For the uninitiated, Yzzy had true systemic mastocytosis, which is rare in a child. She also had a primary immunodeficiency, adrenal insufficiency, seizures and a half dozen other things. She reacted to everything. She couldn’t eat. She couldn’t go to school. She couldn’t run around. She had a central line and received continuous infusion 24 hours a day. She shocked multiple times a month. Just awful.
In 2016, after months of decompensating, Yzzy was diagnosed with hemophagocytic lymphohistiocytosis, a rare blood disorder that causes her body to eat up its own red blood cells. Mast cell patients around the world prayed for her, sent cards and presents, and bought the Girl Scout cookie she was shilling like a pro. We tried several therapies to manage the HLH. None of them worked.
There were a lot of things that we didn’t disclose at the time. People knew Yzzy was sick. Most have no idea how sick she was. Yzzy was dying. She was going downhill at a breakneck speed. She had failed other treatments for HLH. She had significant organ damage. The pain was awful. Without the transplant, Yzzy would die of HLH. But there was a less than 50% chance of surviving the brutal induction chemo and transplant. Truly the stuff of nightmares.

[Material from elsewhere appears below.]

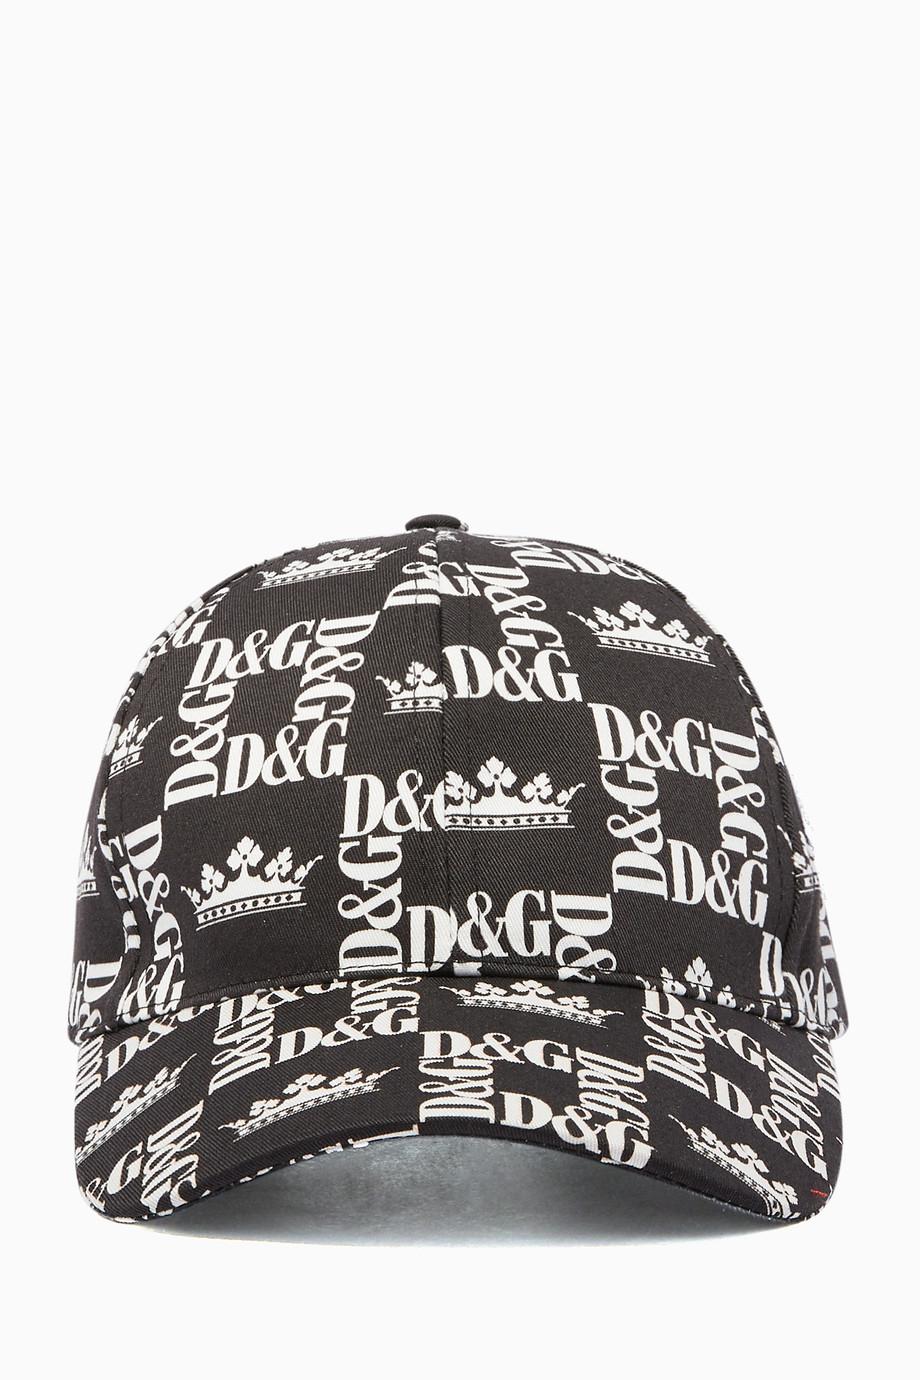 6c30ed5f5 Shop Dolce & Gabbana Black DG Crown Logo Baseball Cap for Men ...

Because Yzzy was already assuming all the risk of a transplant, our goal became curing not just HLH but her systemic mastocytosis. While having no experience with mastocytosis, her transplant team was excellent. They were open to learning about mast cell disease and taking advice from experts. Ultimately, her induction chemo protocol was altered to increase our chances of success in killing two birds with one stone.

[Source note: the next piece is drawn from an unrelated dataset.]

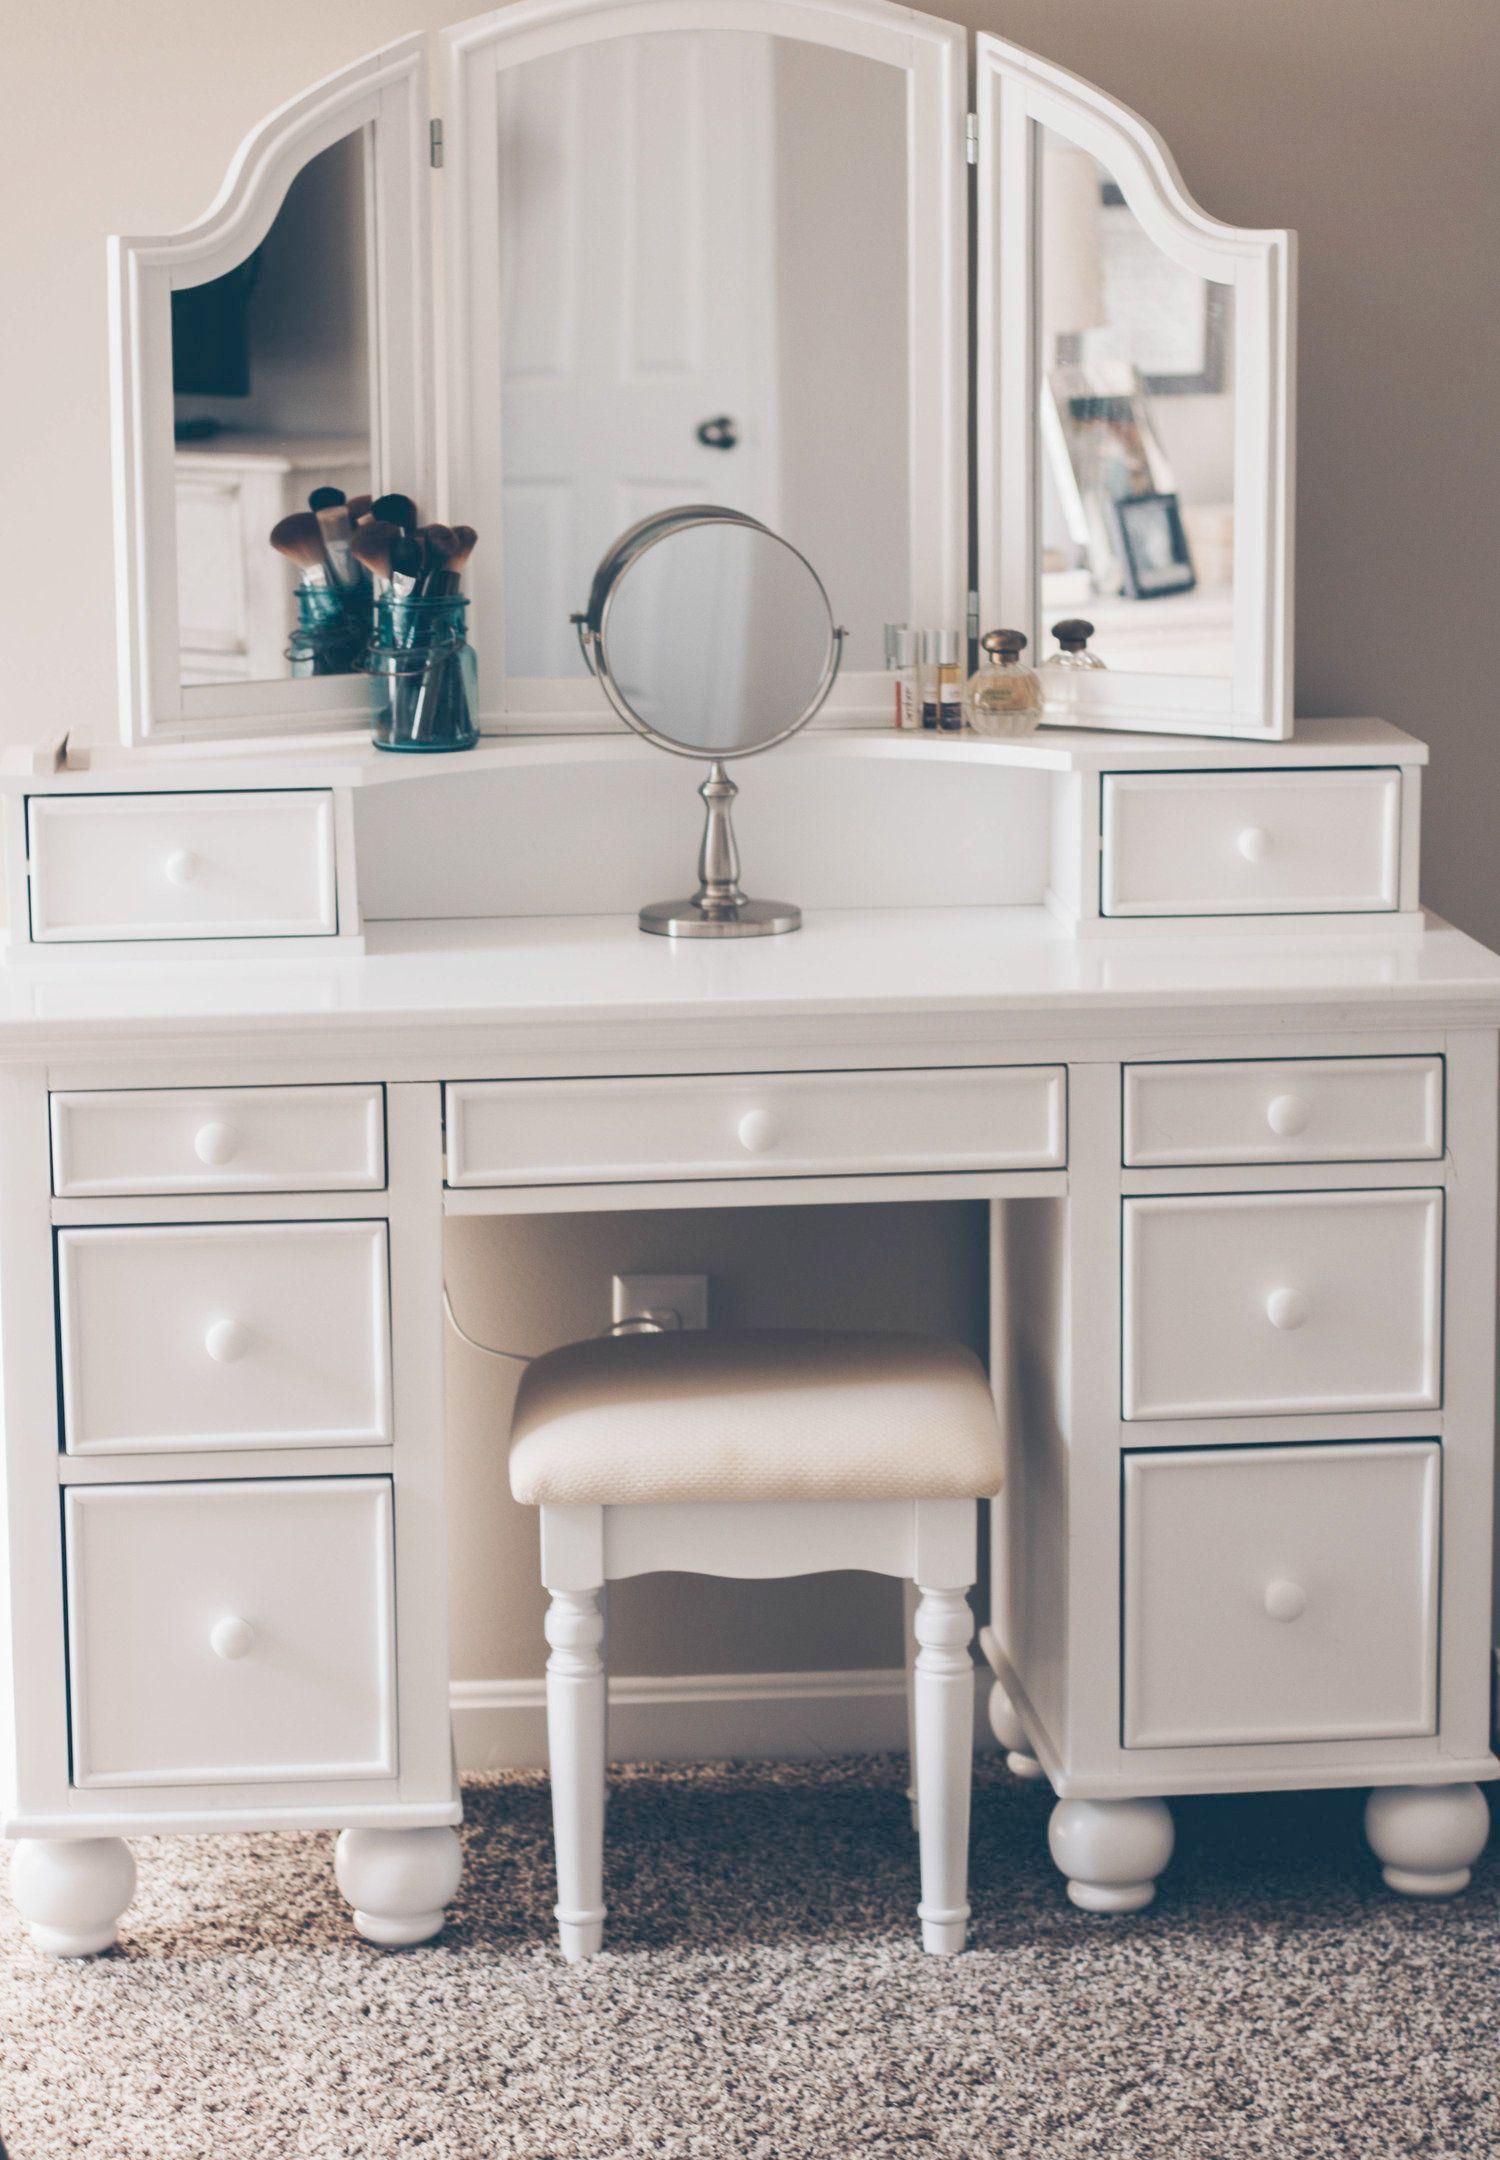 Professional Makeup Vanity Mirror Till Makeup Brushes Kim

I don’t know a word strong enough to convey the terror I felt everyday for this little girl. Afraid to the point of paralysis. The stakes were so, so high. There was no margin for error.
I really thought she was going to die. I said to a close friend, “When Yzzy Eddlemon dies, I’m out.” Done with working patient cases. This wasn’t a moment of hysteria. I meant it. I didn’t think my heart could take watching another child suffer through everything that Yzzy had experienced.
But then something miraculous happened: she didn’t die. Against incredible odds (literally almost dying two days before the transplant), she survived. We anxiously waited for months to see if the transplant had cured her HLH and mast cell disease.
It did. It worked. Her mastocytosis and HLH were both cured. Her immunodeficiency and adrenal insufficiency and seizures all resolved. She could eat food. She wasn’t reacting constantly. There was no anaphylaxis.
She will be monitored for the rest of her life and some damage to her body was permanent. But compared to her life two years ago, a few appointments every six months is barely a blip on the radar.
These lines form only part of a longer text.